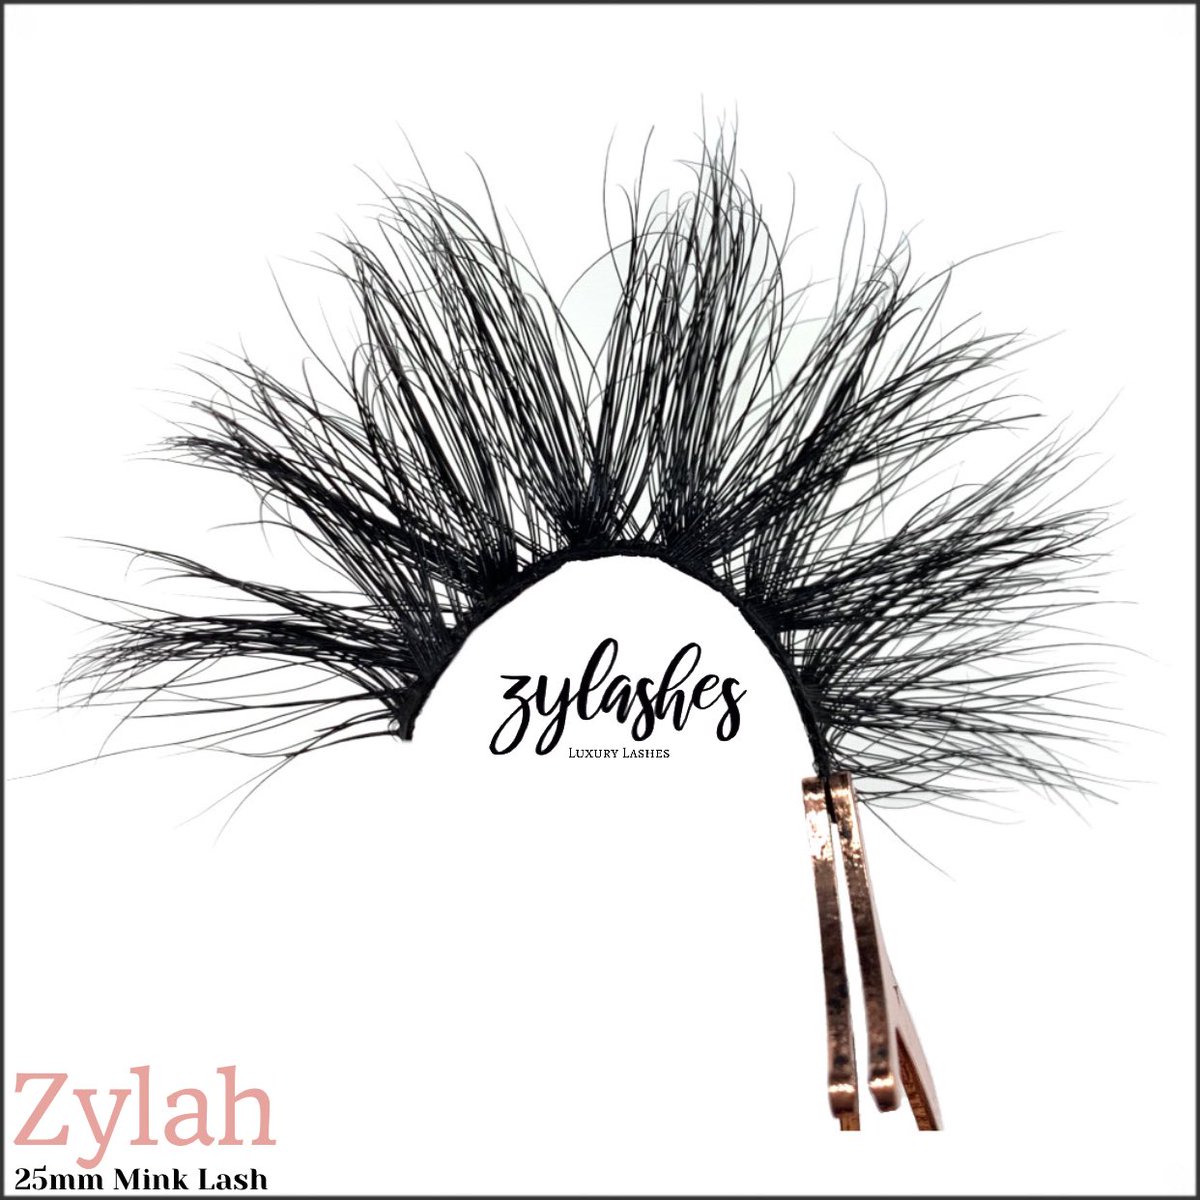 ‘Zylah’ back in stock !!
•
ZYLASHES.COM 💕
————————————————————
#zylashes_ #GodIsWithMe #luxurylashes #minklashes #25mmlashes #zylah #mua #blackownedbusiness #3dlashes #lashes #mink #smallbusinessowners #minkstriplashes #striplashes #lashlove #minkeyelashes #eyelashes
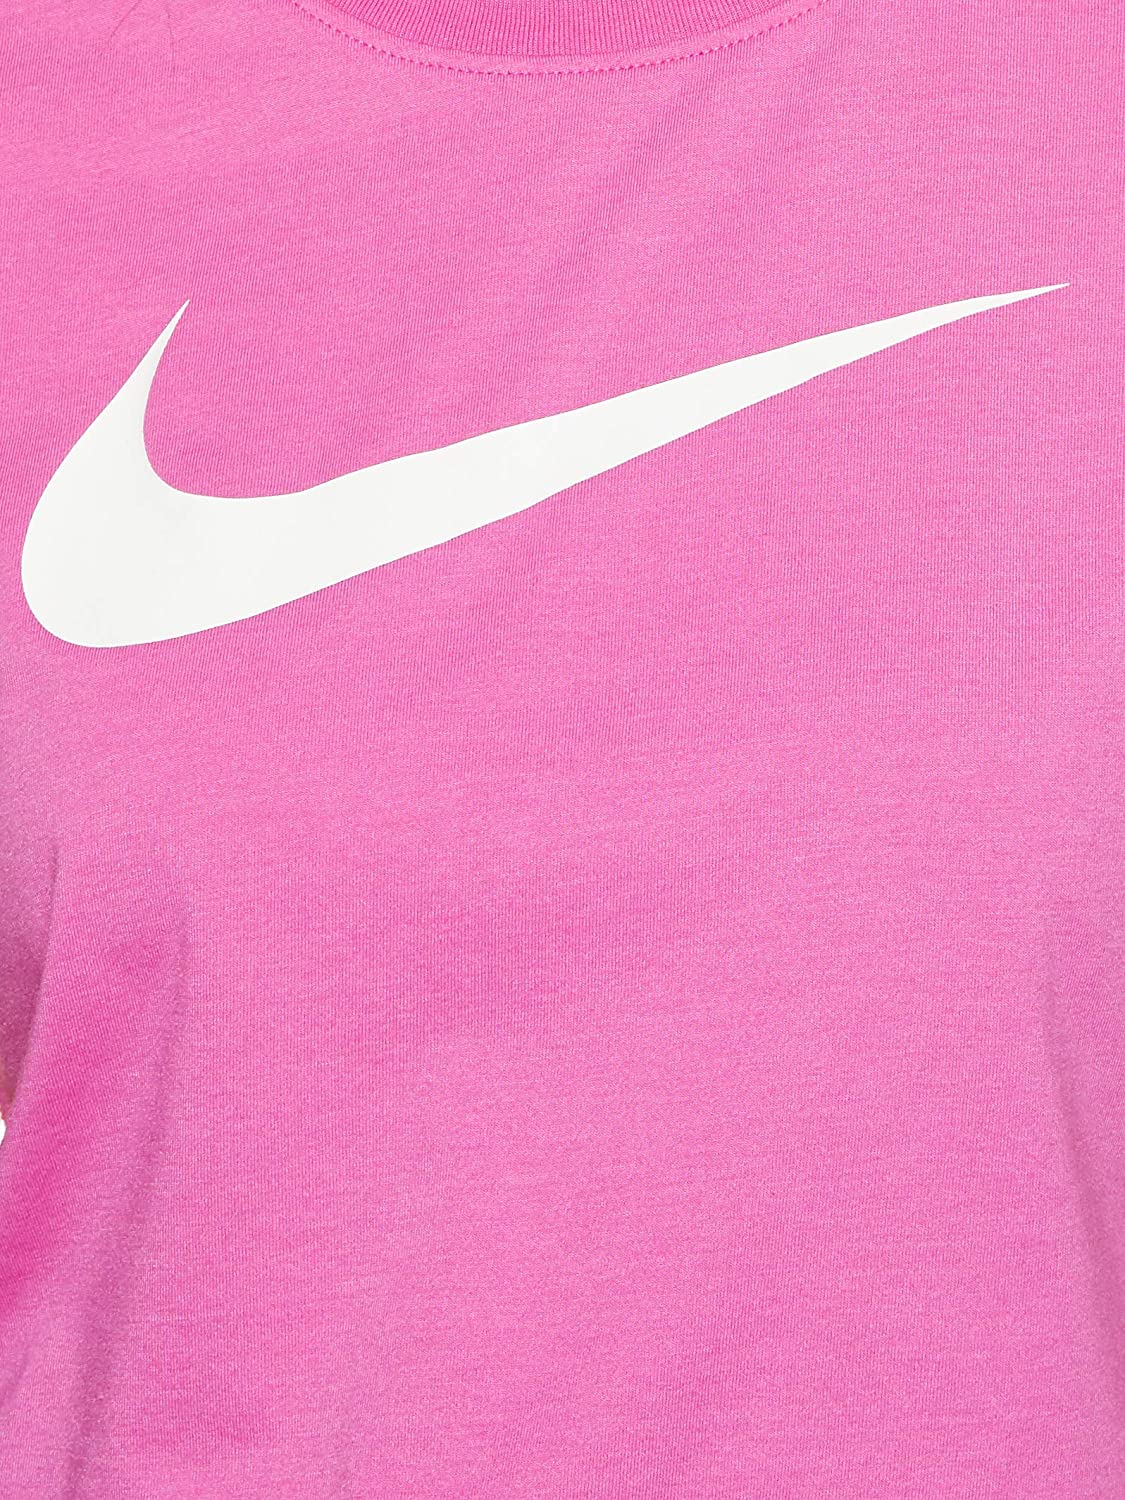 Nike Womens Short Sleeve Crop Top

...

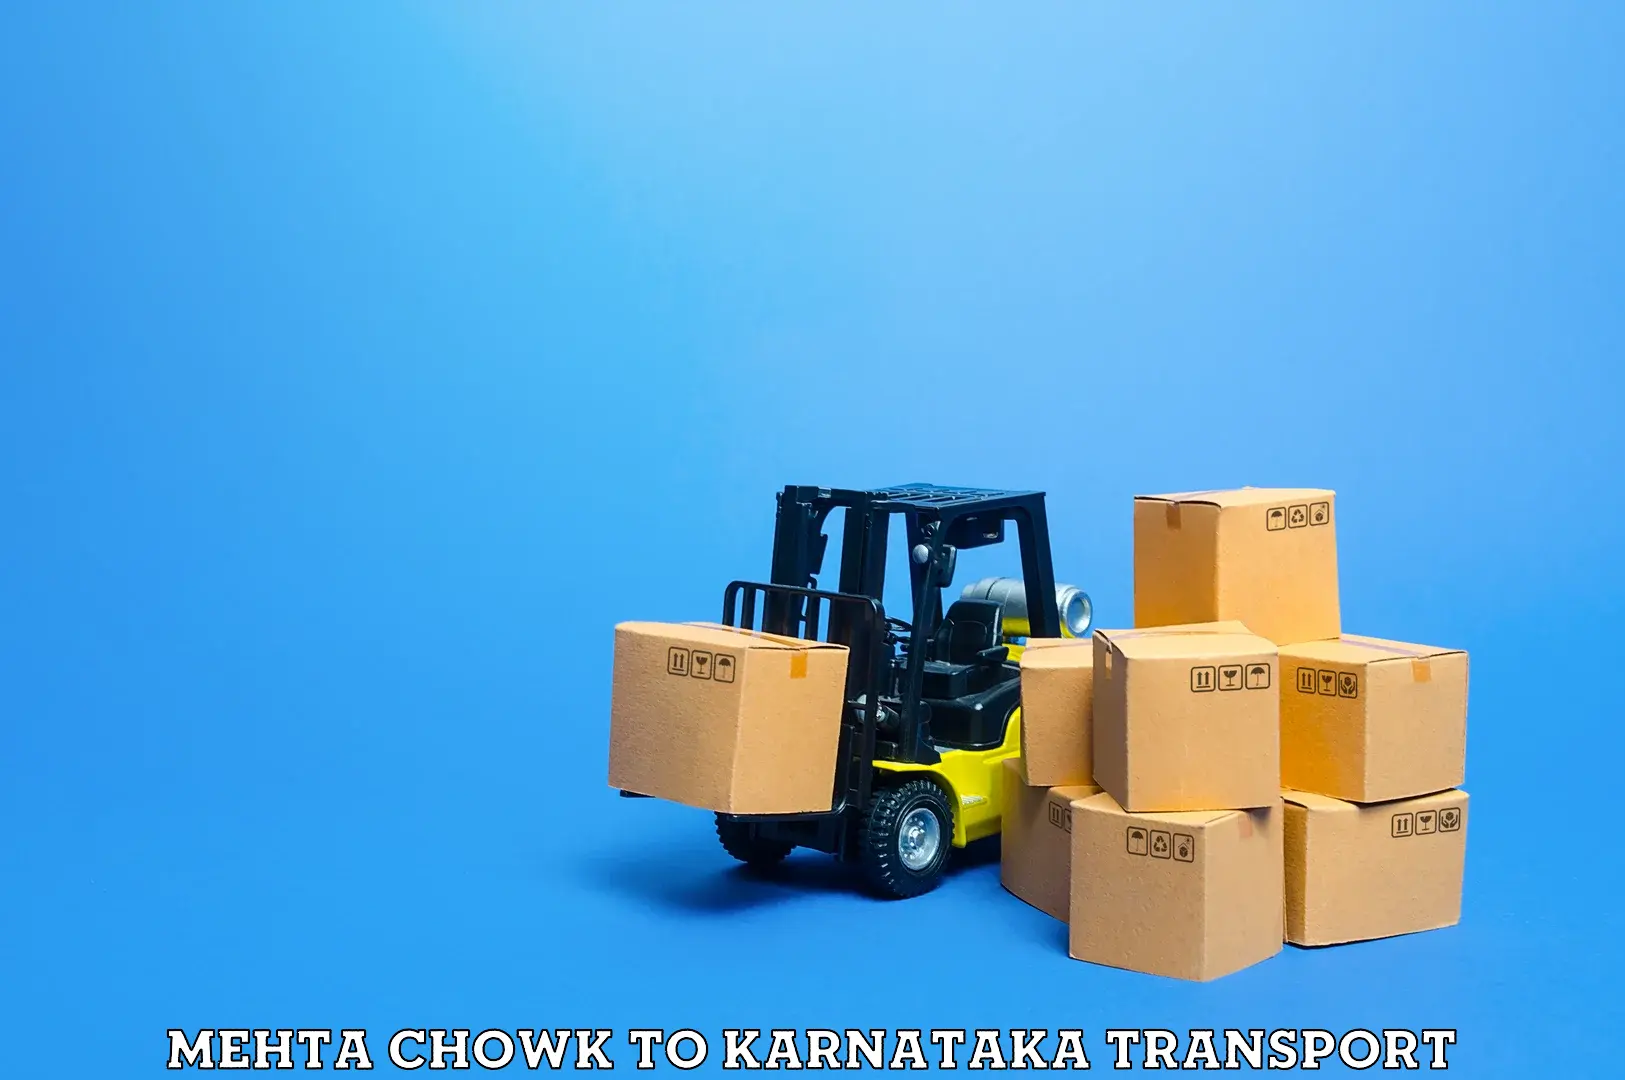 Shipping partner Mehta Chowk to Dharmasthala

WHAT YOU SHOULD DO:
Make an exact copy of the lines above, beginning with the line with "#zylashes_ #GodIsWithMe #luxurylashes" and ending with the line with "Nike Womens Short Sleeve Crop Top", and keep the pictures out of it.

EXERCISE OUTPUT:
#zylashes_ #GodIsWithMe #luxurylashes #minklashes #25mmlashes #zylah #mua #blackownedbusiness #3dlashes #lashes #mink #smallbusinessowners #minkstriplashes #striplashes #lashlove #minkeyelashes #eyelashes
 Nike Womens Short Sleeve Crop Top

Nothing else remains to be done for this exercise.